WHAT TO WORK ON:
Please keep the images out and set down the data exactly as given.

DATASET EXCERPT:
· · · · ·
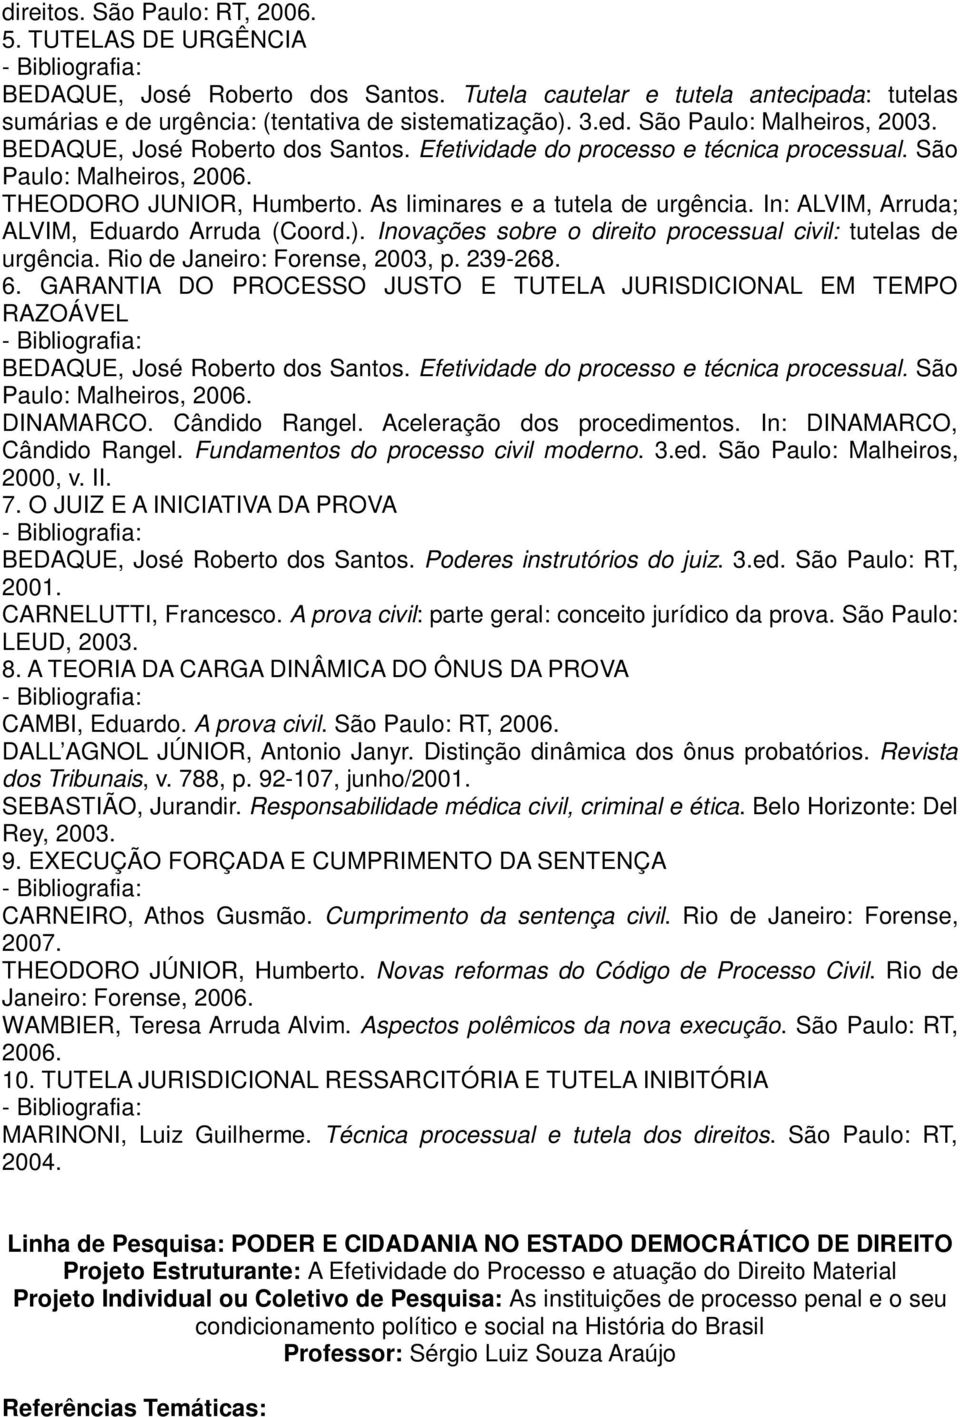 In: ALVIM, Arruda; ALVIM, Eduardo Arruda (Coord.). Inovações sobre o direito processual civil: tutelas de urgência. Rio de Janeiro: Forense, 2003, p. 239-268. 6.
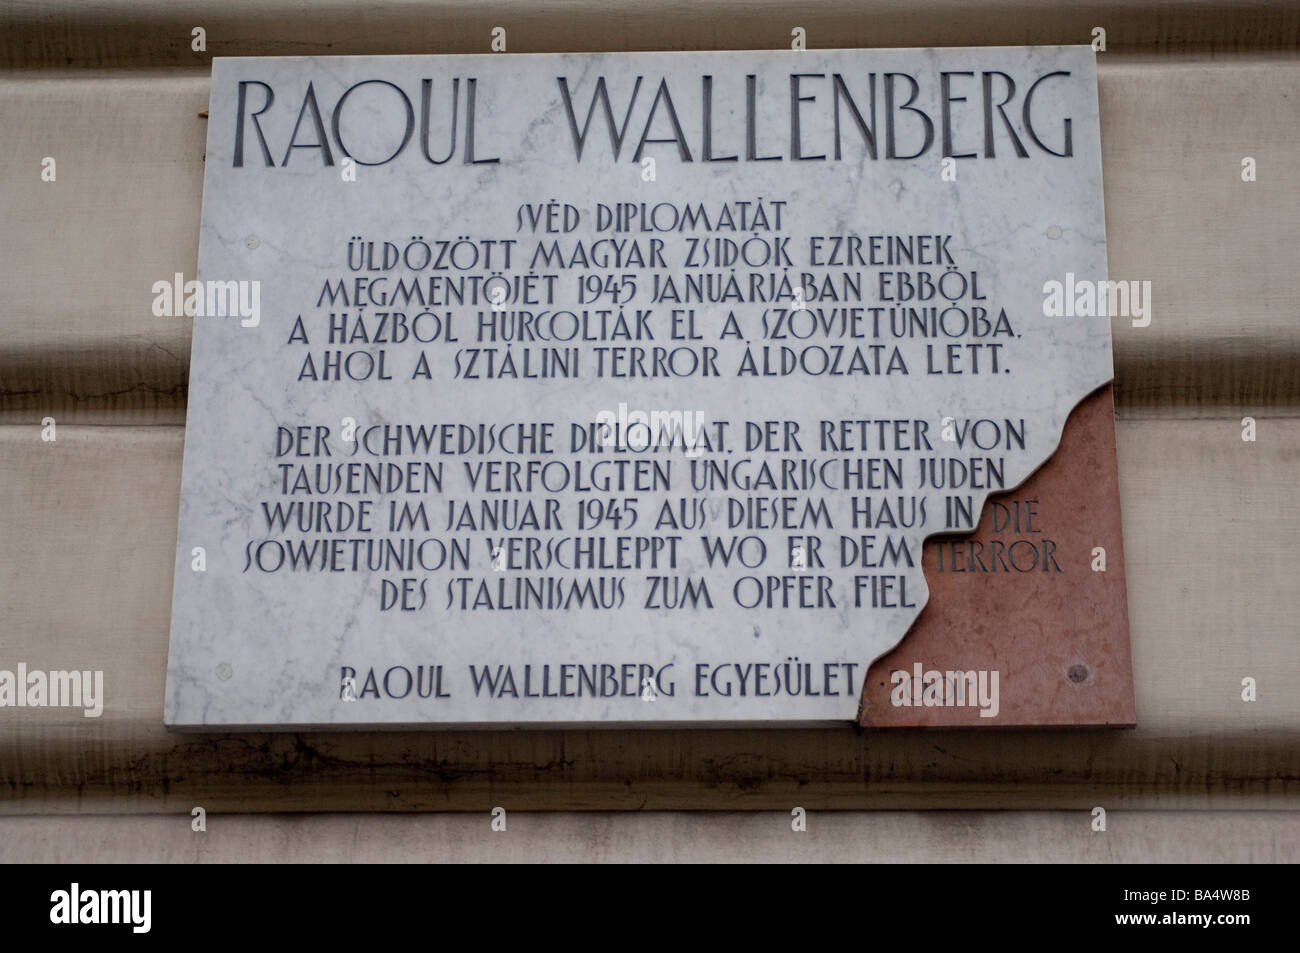 Calle signo en Budapest que cuentan la historia de un diplomático sueco Raoul Wallenberg Foto de stock
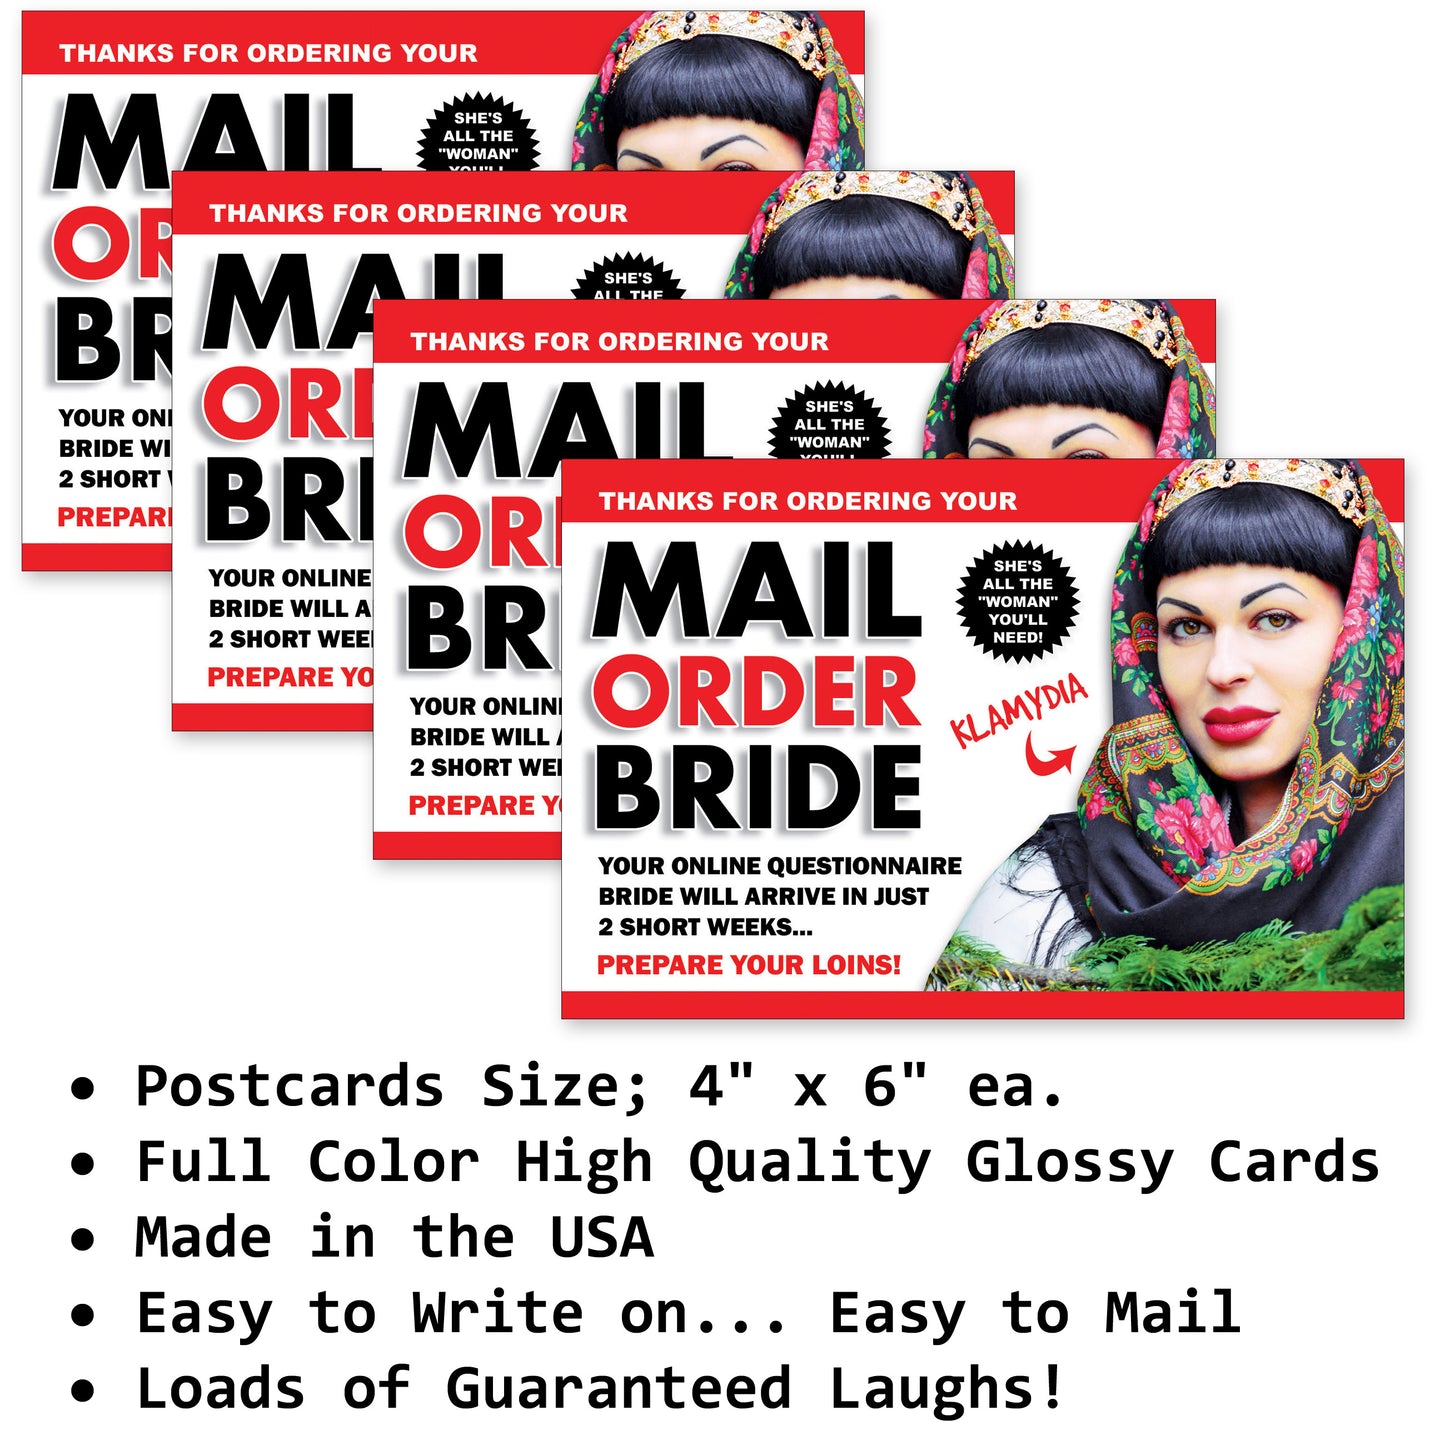 Mail Order Bride 4 Pack Prank Postcards
· · · · ·
ANSWER:
 In: ALVIM, Arruda; ALVIM, Eduardo Arruda (Coord.). Inovações sobre o direito processual civil: tutelas de urgência. Rio de Janeiro: Forense, 2003, p. 239-268. 6.
 Calle signo en Budapest que cuentan la historia de un diplomático sueco Raoul Wallenberg Foto de stock
 Mail Order Bride 4 Pack Prank Postcards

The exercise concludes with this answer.